Paris, the historic capital of fashion and luxury, finds itself embroiled in an unprecedented battle against ultra-fast fashion giant Shein. The opening of Shein's first permanent French retail space at the iconic BHV Marais department store on 5th November 2025 has sparked widespread protests and government action.
The Paris Protest That Shook Fashion
On the morning of Wednesday, 5th November 2025, police forcibly removed anti-Shein protesters from the historic BHV Marais department store, located directly opposite Paris's city hall. The demonstration marked the opening of Shein's first permanent bricks-and-mortar retail space in France, situated on the sixth floor of the prestigious shopping destination.
The Singapore-based company, originally launched as SheInside in 2011 in Nanjing, China, has become the controversial face of ultra-fast fashion. Shein's business model involves selling clothing and various other products at an astonishing scale and remarkably low prices. The company's current "new in" page alone features more than 1,300 items, ranging from gold shirts to plus-size swimwear under its "Slaysola" sub-brand.
Government Crackdown and Consumer Backlash
The French government has been pursuing Shein through multiple channels for years. In 2023, following pressure from two French MPs, the French branch of the Organisation for Economic Co-operation and Development (OECD) launched an investigation into Shein's practices. The 2025 findings concluded that Shein failed to uphold OECD standards in human rights, labour law, and environmental protection, though the company disputed these claims.
More recently, France's legislative efforts have targeted fast fashion specifically. In 2024, the lower house of parliament approved a bill penalising fast fashion companies for environmental damage. By June 2025, the Senate passed a modified version that singled out Shein and similar companies as particularly egregious offenders. Over the past three months, France has fined Shein nearly €200 million for consumer protection violations and misleading discount practices.
The most significant government action came on the same day as the store opening, when Prime Minister Sébastien Lecornu moved to block Shein's e-commerce operations entirely. This followed the discovery of both "childlike" sex dolls and weapons available on Shein's website. The government immediately suspended all Shein deliveries and flagged more than 200,000 packages for customs investigation.
Cultural Conflict and Worker Resistance
The opposition to Shein extends beyond government chambers to the streets of Paris and the French workforce. BHV Marais staff, supported by major French trade unions, have staged numerous strikes and demonstrations in recent weeks. Several independent retailers have withdrawn their products from the department store in protest, while more than 100,000 French citizens have signed an online petition opposing Shein's presence in their city.
This resistance represents a cultural clash between Shein's disposable fashion model and traditional French values of artistry, durability, and sustainability.

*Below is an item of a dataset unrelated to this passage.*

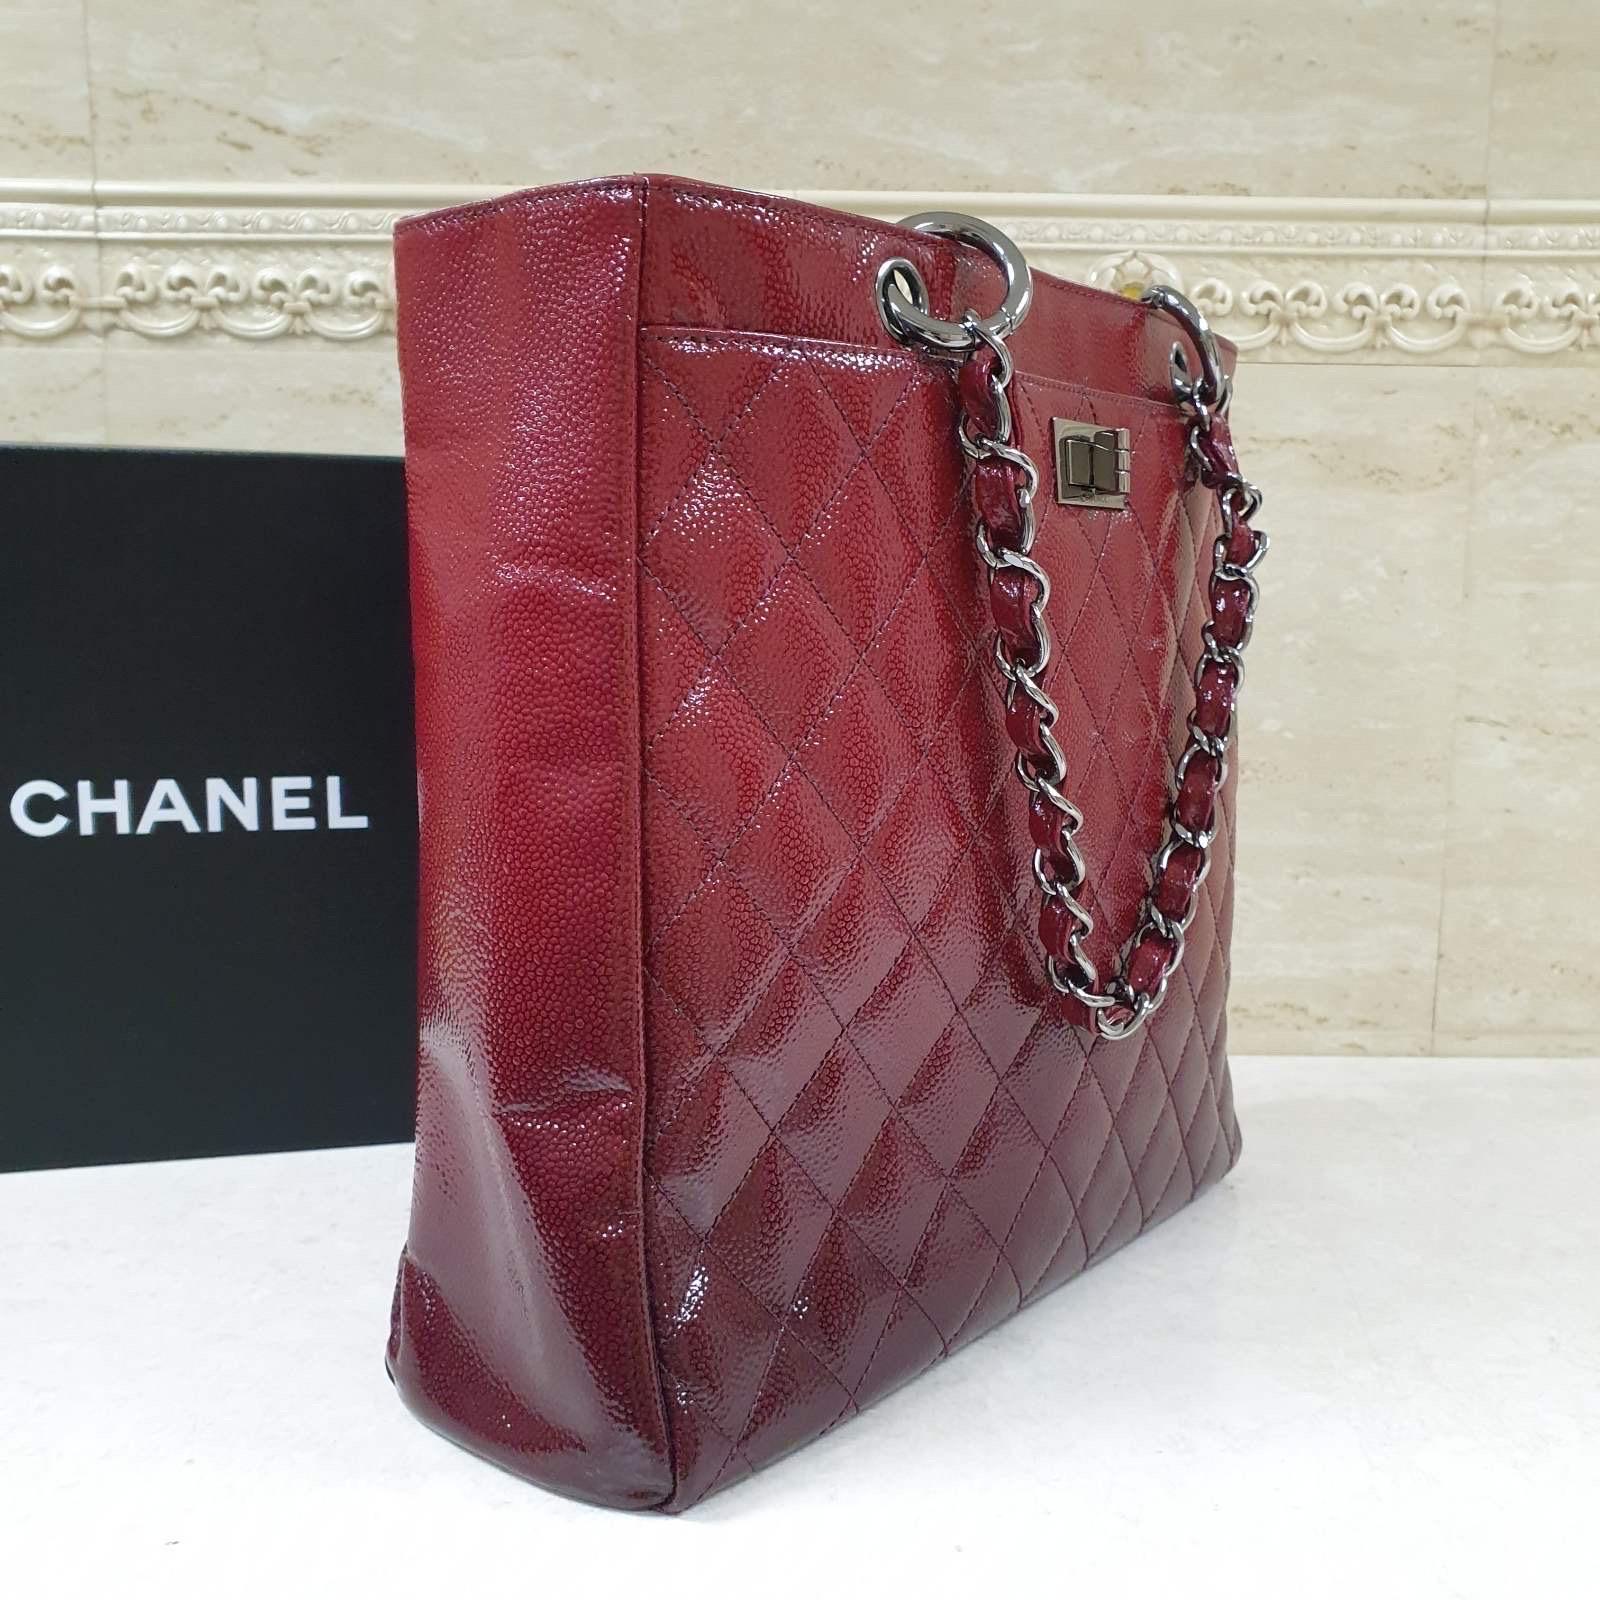 Chanel Burgundy Ombré Quilted Patent Grained Leather 2.55 Reissue Bag 6

Despite the protests, the commercial reality remains clear: Shein has become the fifth-largest clothing retailer by volume in France, celebrated by many as an accessible source of trendy fashion.
The opening day scene perfectly captured this divide. While protesters carried signs reading "SHAME ON SHEIN," hundreds of Parisians waited patiently in line to enter the new store. They emerged carrying bulging shopping bags filled with polyester sweaters, shimmering tops, and plastic winter coats, likely feeling they had secured bargain purchases.
The True Cost of Cheap Fashion
Behind Shein's remarkably low prices lie significant hidden costs. Environmental damage from textile production represents just one concern. Garment workers in factories supplying Shein worldwide reportedly receive minimal wages while working in challenging conditions. Independent designers also suffer, with their creations frequently copied by the fast fashion giant.
Perhaps most concerning are the social and cultural costs – the normalisation of clothing as disposable items with little value, and the expectation that garments should be temporary rather than lasting possessions.
France's multi-pronged approach to regulating Shein, combined with strong worker and consumer opposition, provides a powerful model for combating ultra-fast fashion. By making Shein purchases more difficult through corporate regulation and social pressure, the movement aims to limit the company's market power and influence.
Ultimately, defeating fast fashion requires a fundamental shift in our relationship with clothing. This involves learning to appreciate and maintain existing garments, committing to secondhand purchases, and supporting better working conditions for garment workers worldwide. France's growing resistance to Shein demonstrates that collective action can challenge even the most dominant fast fashion corporations, offering hope for a more sustainable and ethical fashion future.